¿Cómo entiendo yo la necesidad de ir a la guerra que sienten los hombres de la especie humana, sin importar el lugar del planeta donde esto ocurra? ¿Por qué la deserción es considerada una falta demasiado grave? Esta reflexión me la hice en un comentario que escribí luego de leer el completo artículo «Cuando la deserción no es una opción«, que publicó Thilo Hanish en su blog OIMC, como parte de otra discusión surgida de un artículo publicado en Equinoxio.
El párrafo inicial del comentario era el siguiente:
“Por supuesto que la gente no quiere la guerra. Pero después de todo, son los líderes de los países los que determinan la política. Siempre es una simple cuestión de manipular al pueblo, sin importar que se trate de una democracia, una dictadura fascista, un régimen parlamentario o una dictadura comunista. Bien sea con voces a favor o en contra, la gente siempre responde al clamor de sus líderes. Es fácil. Todo lo que usted tiene que hacer es decirles que están siendo atacados, y denunciar a los pacifistas por su falta de patriotismo, y por exponer a su país a un peligro mayor.”
Este fue mi comentario:
Thilo, el párrafo inicial de este artículo es cierto.
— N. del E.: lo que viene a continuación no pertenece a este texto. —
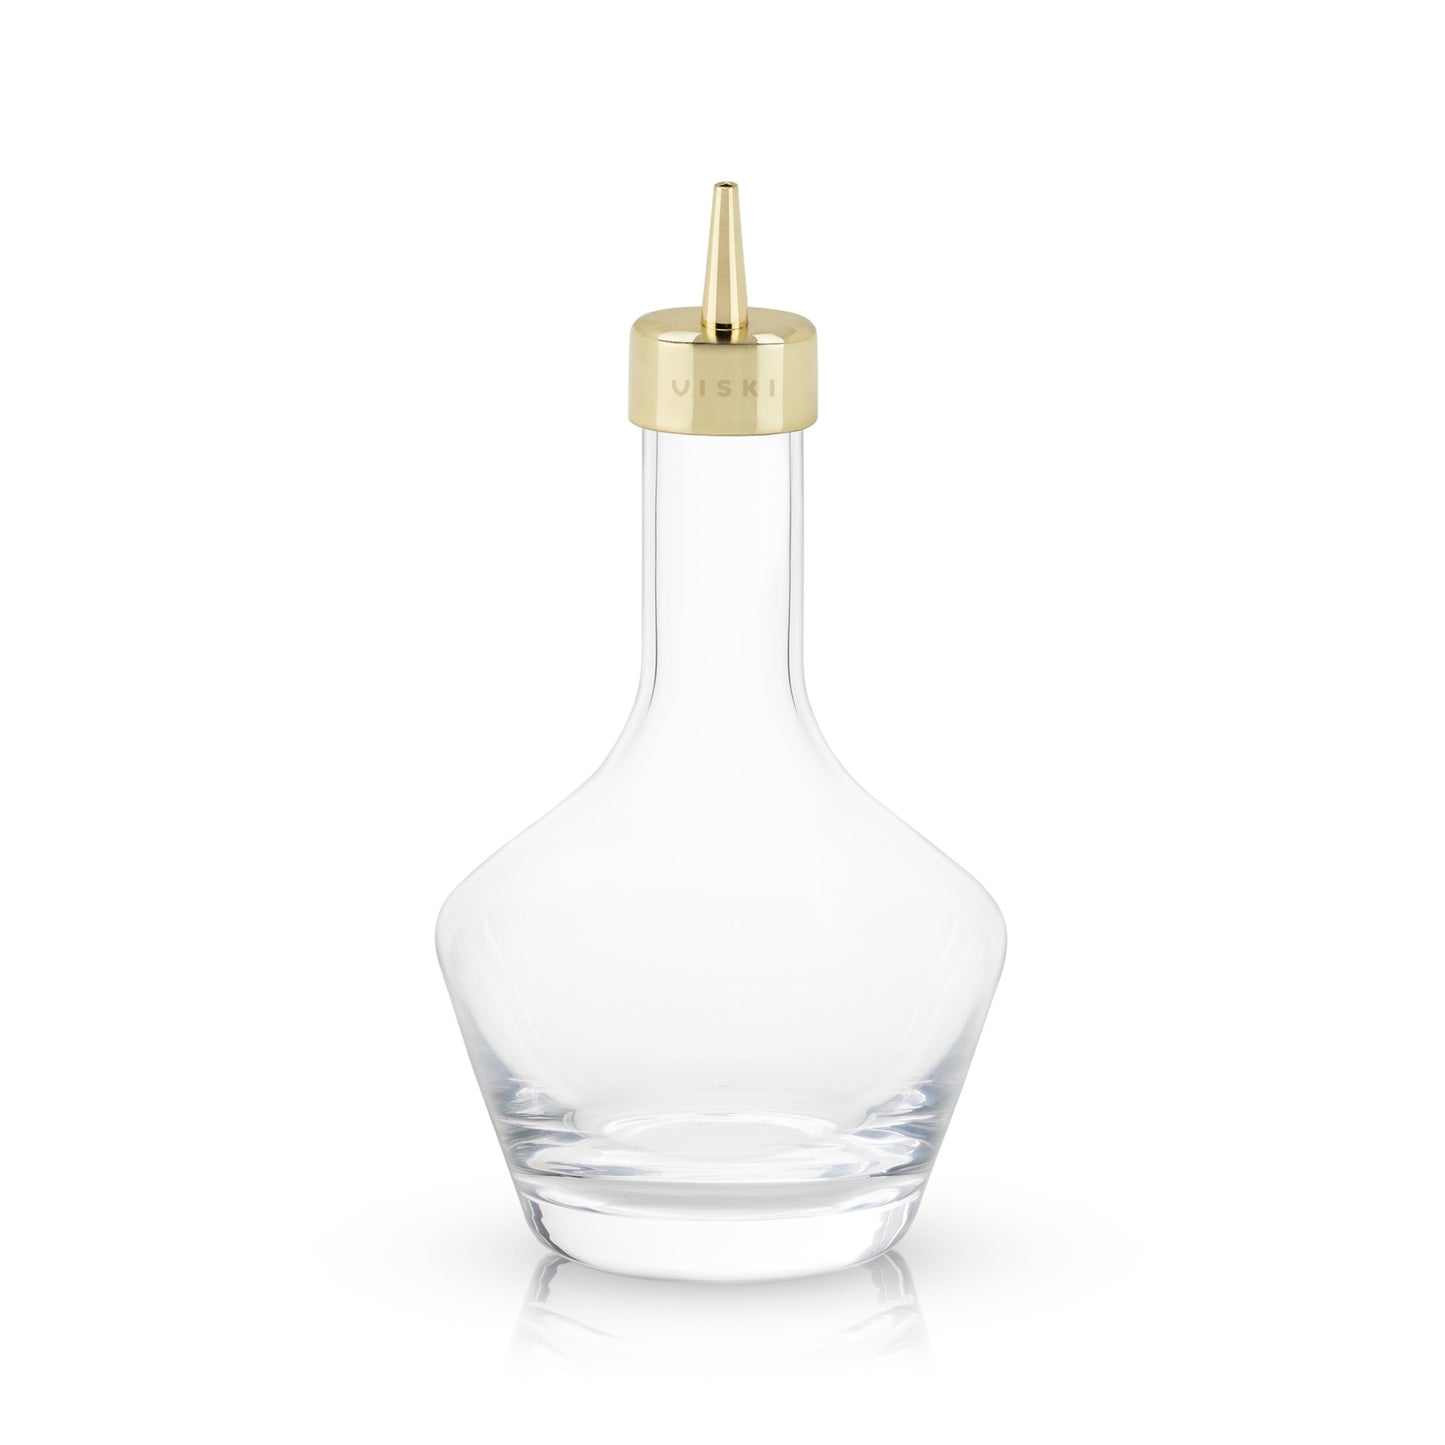 Bitters Bottle with Gold Dasher Top by Viski®
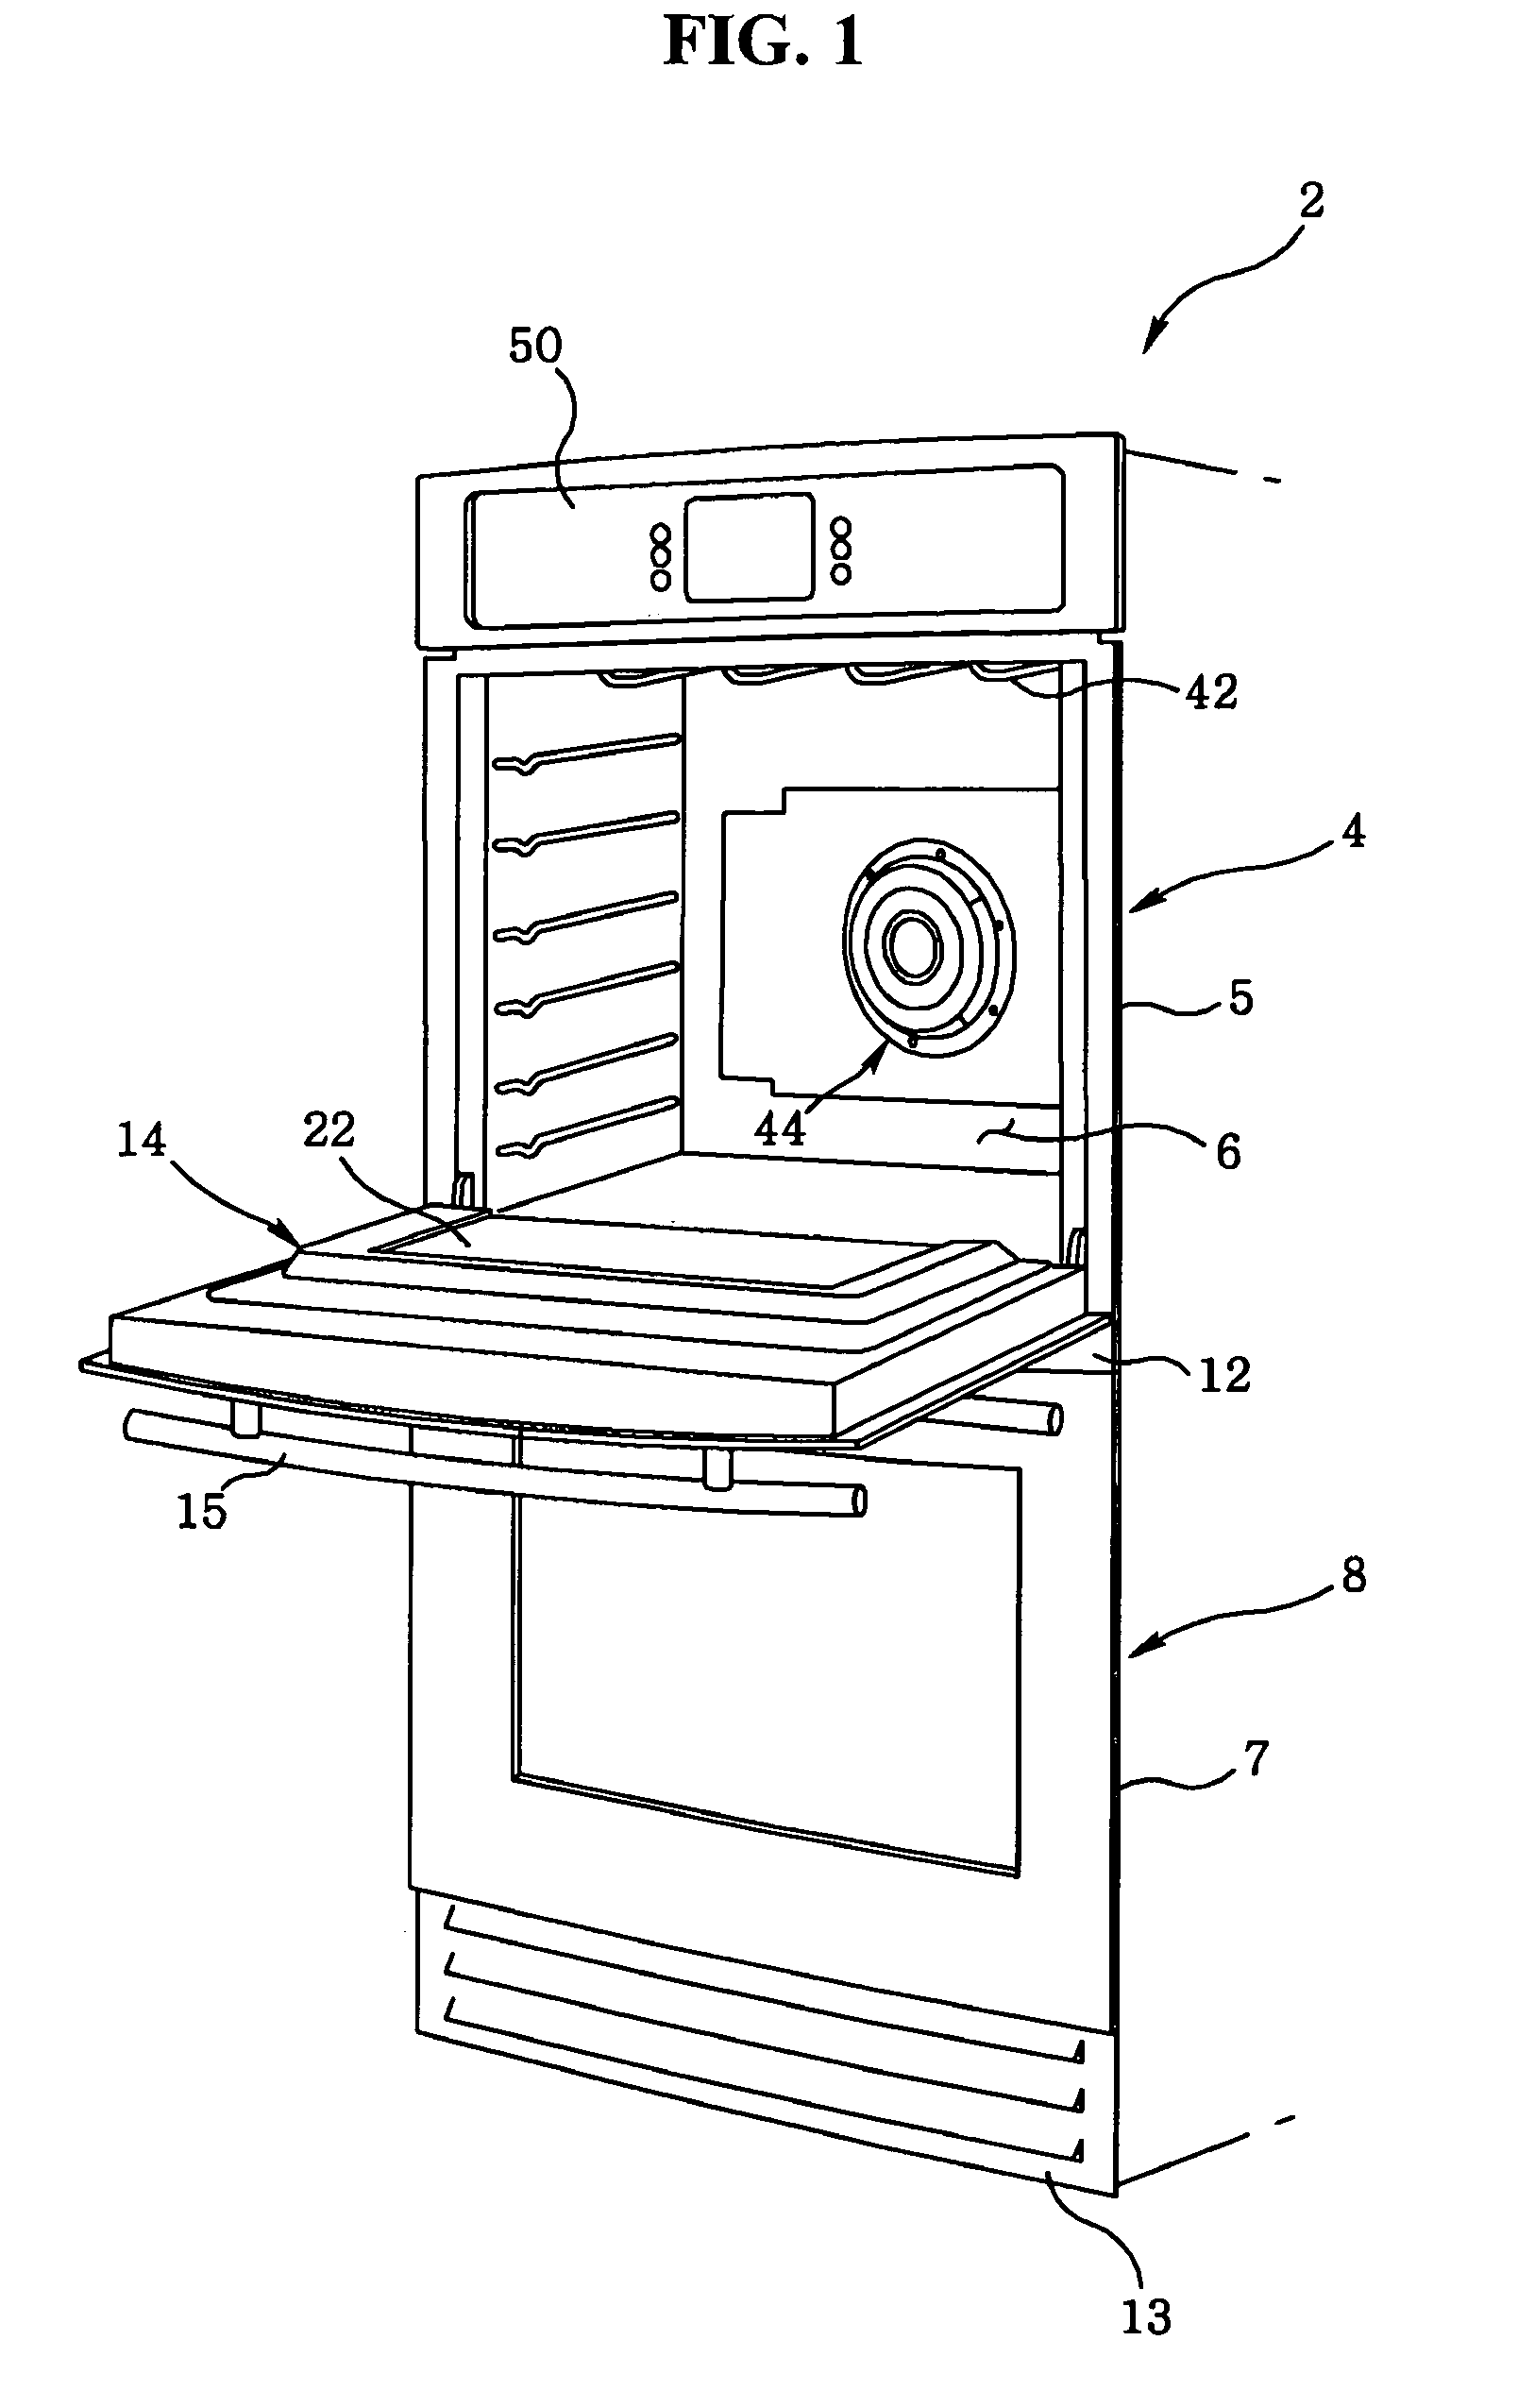 Cooling and exhaust system of dual electric oven

Nada mejor que buscar un enemigo externo, una amenaza intangible para empezar a manipular las masas y despertar los más fieros nacionalismos. El ser humano tiene la propensión a formar hordas para atacar o defenderse; en ese sentido la dotación genética nos traiciona. Eso es una bola de nieve que se retroalimenta.
Y Goebbels, el asesor propagandístico del Fürer fue un verdadero maestro para manipular y crear verdaderos fenómenos de masas. De hecho, Goebbels todavía es un referente obligado para el estudio de la opinión pública.
Una de las características de los criminales de guerra que fueron enjuiciados en Nüremberg era su certeza de haber hecho lo correcto y de haber obedecido ciegamente las órdenes que les impartieron. Todos ellos tenían profundamente arraigado el sentido de la obediencia.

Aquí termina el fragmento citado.